-- EXERCISE DATA --
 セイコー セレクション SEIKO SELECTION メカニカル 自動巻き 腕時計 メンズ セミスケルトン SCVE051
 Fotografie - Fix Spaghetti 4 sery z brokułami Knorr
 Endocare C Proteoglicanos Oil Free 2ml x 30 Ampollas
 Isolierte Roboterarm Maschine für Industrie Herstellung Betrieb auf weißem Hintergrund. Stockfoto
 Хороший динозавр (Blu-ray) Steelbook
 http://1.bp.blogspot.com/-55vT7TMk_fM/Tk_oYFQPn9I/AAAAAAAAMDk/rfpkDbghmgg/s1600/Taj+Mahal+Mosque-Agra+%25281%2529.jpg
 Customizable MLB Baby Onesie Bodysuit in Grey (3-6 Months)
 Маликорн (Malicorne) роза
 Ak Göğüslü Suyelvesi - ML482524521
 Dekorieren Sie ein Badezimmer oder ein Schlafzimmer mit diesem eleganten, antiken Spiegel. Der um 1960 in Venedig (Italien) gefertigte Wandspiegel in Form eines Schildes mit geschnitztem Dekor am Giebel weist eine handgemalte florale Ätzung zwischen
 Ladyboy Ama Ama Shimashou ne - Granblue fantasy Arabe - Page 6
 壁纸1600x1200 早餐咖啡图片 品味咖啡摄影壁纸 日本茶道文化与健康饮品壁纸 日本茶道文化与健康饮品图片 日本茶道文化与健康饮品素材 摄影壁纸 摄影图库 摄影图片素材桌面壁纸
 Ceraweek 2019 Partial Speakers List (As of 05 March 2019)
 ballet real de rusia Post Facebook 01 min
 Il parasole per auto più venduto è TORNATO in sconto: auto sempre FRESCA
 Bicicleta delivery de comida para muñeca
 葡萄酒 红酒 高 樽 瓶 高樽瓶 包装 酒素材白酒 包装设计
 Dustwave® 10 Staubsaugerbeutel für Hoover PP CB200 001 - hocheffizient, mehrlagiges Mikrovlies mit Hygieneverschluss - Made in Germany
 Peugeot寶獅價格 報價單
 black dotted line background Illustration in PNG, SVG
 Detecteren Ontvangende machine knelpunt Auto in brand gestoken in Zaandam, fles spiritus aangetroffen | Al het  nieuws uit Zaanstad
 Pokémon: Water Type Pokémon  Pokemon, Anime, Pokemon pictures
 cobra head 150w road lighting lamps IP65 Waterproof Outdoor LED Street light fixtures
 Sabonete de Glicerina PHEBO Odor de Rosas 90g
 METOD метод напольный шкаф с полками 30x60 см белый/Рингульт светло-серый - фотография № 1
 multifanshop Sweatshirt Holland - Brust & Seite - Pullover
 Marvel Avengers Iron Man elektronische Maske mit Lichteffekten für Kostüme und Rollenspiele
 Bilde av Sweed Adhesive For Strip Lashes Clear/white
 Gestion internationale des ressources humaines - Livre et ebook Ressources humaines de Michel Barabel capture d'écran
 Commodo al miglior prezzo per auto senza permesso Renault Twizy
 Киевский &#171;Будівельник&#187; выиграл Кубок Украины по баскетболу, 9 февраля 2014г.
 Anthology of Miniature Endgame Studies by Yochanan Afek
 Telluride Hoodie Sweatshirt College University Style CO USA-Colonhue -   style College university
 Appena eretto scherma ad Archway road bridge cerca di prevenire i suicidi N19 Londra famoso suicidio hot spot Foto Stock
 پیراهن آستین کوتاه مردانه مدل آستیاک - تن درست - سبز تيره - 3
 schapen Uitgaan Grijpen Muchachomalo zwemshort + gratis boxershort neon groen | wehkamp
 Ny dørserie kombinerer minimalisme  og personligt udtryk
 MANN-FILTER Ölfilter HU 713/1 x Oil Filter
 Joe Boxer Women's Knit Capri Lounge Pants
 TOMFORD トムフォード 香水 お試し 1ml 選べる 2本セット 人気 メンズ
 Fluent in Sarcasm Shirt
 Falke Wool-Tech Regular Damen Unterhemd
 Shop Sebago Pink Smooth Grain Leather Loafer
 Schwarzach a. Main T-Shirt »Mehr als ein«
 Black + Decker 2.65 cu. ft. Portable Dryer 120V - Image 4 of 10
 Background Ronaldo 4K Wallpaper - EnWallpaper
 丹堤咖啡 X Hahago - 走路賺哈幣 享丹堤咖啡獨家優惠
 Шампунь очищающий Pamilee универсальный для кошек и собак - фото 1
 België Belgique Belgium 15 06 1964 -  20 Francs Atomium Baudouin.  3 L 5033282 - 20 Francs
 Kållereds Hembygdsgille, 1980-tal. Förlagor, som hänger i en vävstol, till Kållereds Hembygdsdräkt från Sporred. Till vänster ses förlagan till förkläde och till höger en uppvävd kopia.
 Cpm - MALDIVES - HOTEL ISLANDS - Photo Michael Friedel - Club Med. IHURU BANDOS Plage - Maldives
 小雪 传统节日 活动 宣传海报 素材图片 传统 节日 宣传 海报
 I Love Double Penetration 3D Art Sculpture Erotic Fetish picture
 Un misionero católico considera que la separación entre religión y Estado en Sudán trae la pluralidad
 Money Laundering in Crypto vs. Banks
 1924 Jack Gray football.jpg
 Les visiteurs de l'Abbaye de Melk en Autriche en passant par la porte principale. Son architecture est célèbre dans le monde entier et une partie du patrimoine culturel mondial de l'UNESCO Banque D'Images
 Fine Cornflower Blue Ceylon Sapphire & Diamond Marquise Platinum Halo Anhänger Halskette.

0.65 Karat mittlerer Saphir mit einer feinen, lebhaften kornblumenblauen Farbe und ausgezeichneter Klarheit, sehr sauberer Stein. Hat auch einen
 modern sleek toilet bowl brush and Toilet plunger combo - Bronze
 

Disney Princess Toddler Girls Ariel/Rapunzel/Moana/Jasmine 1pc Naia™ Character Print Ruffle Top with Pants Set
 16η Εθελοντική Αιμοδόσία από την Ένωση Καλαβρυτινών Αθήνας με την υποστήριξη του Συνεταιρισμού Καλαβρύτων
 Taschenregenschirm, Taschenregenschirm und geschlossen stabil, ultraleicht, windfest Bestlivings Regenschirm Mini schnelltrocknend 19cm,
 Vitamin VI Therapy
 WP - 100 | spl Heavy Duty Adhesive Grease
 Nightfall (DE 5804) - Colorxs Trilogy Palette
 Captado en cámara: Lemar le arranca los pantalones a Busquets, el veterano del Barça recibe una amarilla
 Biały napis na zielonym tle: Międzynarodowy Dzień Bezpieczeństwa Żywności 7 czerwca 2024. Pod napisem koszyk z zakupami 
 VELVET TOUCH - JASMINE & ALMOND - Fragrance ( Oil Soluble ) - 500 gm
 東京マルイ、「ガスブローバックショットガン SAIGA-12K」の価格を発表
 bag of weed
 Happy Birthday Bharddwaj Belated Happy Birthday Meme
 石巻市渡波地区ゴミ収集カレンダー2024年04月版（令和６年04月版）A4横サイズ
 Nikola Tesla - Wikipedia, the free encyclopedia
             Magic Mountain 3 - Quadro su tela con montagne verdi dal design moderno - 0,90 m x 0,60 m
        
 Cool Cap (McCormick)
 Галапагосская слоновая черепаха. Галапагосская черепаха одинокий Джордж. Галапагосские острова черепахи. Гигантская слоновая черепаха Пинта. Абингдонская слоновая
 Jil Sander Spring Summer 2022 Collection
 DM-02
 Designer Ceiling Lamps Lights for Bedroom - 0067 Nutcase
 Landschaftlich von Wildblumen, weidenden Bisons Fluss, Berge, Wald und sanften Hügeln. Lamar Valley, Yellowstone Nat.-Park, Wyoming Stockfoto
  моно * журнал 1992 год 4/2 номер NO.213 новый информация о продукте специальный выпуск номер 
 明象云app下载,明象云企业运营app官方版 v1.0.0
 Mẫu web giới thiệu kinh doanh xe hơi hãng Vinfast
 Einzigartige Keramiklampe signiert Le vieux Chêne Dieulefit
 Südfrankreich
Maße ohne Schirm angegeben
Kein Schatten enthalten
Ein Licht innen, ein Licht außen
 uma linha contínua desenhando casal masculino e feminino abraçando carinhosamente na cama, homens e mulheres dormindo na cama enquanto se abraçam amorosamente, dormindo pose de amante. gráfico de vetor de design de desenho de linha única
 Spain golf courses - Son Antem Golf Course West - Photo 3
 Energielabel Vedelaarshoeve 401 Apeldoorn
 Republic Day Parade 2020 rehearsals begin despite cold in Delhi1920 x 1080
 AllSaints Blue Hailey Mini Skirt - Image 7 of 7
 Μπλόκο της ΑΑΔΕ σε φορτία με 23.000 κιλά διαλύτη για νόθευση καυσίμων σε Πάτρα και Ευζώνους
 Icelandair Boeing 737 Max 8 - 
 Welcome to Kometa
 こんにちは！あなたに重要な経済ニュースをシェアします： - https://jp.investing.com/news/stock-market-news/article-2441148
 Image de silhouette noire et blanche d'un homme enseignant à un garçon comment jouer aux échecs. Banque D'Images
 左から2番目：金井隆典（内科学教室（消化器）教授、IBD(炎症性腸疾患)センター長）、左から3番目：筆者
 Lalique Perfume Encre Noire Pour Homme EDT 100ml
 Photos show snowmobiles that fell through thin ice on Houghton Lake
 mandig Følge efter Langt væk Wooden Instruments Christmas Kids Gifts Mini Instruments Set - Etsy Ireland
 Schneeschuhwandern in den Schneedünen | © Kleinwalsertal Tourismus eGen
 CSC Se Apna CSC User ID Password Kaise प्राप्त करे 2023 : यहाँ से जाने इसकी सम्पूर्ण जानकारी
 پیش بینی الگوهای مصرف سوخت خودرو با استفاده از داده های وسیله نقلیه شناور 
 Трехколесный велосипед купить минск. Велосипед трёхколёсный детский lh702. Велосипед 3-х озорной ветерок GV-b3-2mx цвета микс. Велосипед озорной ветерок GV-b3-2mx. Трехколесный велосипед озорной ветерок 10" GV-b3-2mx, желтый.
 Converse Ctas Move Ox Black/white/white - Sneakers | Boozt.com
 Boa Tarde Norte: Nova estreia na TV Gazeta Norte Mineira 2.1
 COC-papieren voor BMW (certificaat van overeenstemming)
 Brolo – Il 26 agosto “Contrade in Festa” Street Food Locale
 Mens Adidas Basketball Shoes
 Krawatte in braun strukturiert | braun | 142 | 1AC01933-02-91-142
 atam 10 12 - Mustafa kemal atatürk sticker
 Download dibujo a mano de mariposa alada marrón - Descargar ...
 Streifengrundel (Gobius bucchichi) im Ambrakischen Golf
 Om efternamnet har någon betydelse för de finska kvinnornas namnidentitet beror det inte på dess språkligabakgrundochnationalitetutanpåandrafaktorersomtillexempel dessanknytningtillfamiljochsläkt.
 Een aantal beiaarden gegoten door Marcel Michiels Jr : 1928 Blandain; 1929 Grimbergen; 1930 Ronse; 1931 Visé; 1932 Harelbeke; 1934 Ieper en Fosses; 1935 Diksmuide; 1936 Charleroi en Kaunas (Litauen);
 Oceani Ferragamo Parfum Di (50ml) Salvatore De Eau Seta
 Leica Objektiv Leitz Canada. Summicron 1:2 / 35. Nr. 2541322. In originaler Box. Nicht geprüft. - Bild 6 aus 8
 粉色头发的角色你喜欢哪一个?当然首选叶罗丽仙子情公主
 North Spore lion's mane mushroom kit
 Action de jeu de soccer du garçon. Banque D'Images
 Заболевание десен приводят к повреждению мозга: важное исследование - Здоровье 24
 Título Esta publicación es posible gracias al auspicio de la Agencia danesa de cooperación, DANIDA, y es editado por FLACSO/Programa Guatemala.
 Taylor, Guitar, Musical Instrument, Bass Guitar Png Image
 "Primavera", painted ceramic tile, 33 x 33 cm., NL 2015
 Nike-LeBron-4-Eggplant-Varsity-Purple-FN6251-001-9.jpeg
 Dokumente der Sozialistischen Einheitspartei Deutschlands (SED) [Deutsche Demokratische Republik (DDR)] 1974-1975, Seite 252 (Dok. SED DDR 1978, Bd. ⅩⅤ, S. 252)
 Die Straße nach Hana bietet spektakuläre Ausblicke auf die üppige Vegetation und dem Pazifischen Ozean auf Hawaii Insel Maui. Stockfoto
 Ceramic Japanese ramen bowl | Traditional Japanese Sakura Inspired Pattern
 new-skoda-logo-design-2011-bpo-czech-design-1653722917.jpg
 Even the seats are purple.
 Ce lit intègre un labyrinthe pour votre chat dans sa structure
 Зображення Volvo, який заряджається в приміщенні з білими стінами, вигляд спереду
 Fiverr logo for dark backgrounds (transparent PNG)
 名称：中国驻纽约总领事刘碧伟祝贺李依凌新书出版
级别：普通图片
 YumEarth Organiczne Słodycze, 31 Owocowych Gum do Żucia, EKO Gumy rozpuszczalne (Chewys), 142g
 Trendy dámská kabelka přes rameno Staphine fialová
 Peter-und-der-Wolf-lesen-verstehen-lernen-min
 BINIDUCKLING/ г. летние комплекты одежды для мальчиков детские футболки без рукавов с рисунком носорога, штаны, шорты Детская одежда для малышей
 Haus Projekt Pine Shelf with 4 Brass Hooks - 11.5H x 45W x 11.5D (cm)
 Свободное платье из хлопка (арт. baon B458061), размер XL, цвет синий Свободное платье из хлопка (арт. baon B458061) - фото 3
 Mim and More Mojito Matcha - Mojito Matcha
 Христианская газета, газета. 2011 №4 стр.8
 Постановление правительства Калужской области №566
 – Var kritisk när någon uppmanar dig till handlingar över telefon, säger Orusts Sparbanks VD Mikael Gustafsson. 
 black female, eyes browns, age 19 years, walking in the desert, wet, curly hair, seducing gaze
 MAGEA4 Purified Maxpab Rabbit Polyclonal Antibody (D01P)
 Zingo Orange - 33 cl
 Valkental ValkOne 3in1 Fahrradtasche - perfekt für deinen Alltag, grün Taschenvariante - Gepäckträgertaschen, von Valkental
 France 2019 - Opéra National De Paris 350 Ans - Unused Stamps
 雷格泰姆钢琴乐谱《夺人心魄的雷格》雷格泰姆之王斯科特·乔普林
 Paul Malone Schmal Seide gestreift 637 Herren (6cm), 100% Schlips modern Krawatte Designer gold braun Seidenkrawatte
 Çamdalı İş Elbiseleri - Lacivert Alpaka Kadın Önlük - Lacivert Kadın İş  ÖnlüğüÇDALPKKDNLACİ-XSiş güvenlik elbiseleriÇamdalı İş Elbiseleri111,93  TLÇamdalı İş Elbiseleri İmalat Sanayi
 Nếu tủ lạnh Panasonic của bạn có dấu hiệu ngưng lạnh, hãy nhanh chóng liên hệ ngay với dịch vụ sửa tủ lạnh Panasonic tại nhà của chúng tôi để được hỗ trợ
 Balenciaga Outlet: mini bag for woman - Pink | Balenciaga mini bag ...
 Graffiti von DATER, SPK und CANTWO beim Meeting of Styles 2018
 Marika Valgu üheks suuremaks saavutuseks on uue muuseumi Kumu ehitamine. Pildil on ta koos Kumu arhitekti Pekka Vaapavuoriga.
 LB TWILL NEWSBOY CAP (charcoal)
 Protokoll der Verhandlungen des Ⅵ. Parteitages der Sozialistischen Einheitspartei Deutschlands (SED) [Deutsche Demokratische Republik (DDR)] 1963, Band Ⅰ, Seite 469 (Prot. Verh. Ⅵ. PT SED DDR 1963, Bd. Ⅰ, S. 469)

-- EXERCISE --
Transcribe the lines above between the line holding "Шампунь очищающий Pamilee" and the line holding "16η Εθελοντική Αιμοδόσία", inclusive, exactly as they stand and with nothing added.

-- ANSWER BELOW --
 Шампунь очищающий Pamilee универсальный для кошек и собак - фото 1
 België Belgique Belgium 15 06 1964 -  20 Francs Atomium Baudouin.  3 L 5033282 - 20 Francs
 Kållereds Hembygdsgille, 1980-tal. Förlagor, som hänger i en vävstol, till Kållereds Hembygdsdräkt från Sporred. Till vänster ses förlagan till förkläde och till höger en uppvävd kopia.
 Cpm - MALDIVES - HOTEL ISLANDS - Photo Michael Friedel - Club Med. IHURU BANDOS Plage - Maldives
 小雪 传统节日 活动 宣传海报 素材图片 传统 节日 宣传 海报
 I Love Double Penetration 3D Art Sculpture Erotic Fetish picture
 Un misionero católico considera que la separación entre religión y Estado en Sudán trae la pluralidad
 Money Laundering in Crypto vs. Banks
 1924 Jack Gray football.jpg
 Les visiteurs de l'Abbaye de Melk en Autriche en passant par la porte principale. Son architecture est célèbre dans le monde entier et une partie du patrimoine culturel mondial de l'UNESCO Banque D'Images
 Fine Cornflower Blue Ceylon Sapphire & Diamond Marquise Platinum Halo Anhänger Halskette.

0.65 Karat mittlerer Saphir mit einer feinen, lebhaften kornblumenblauen Farbe und ausgezeichneter Klarheit, sehr sauberer Stein. Hat auch einen
 modern sleek toilet bowl brush and Toilet plunger combo - Bronze
 

Disney Princess Toddler Girls Ariel/Rapunzel/Moana/Jasmine 1pc Naia™ Character Print Ruffle Top with Pants Set
 16η Εθελοντική Αιμοδόσία από την Ένωση Καλαβρυτινών Αθήνας με την υποστήριξη του Συνεταιρισμού Καλαβρύτων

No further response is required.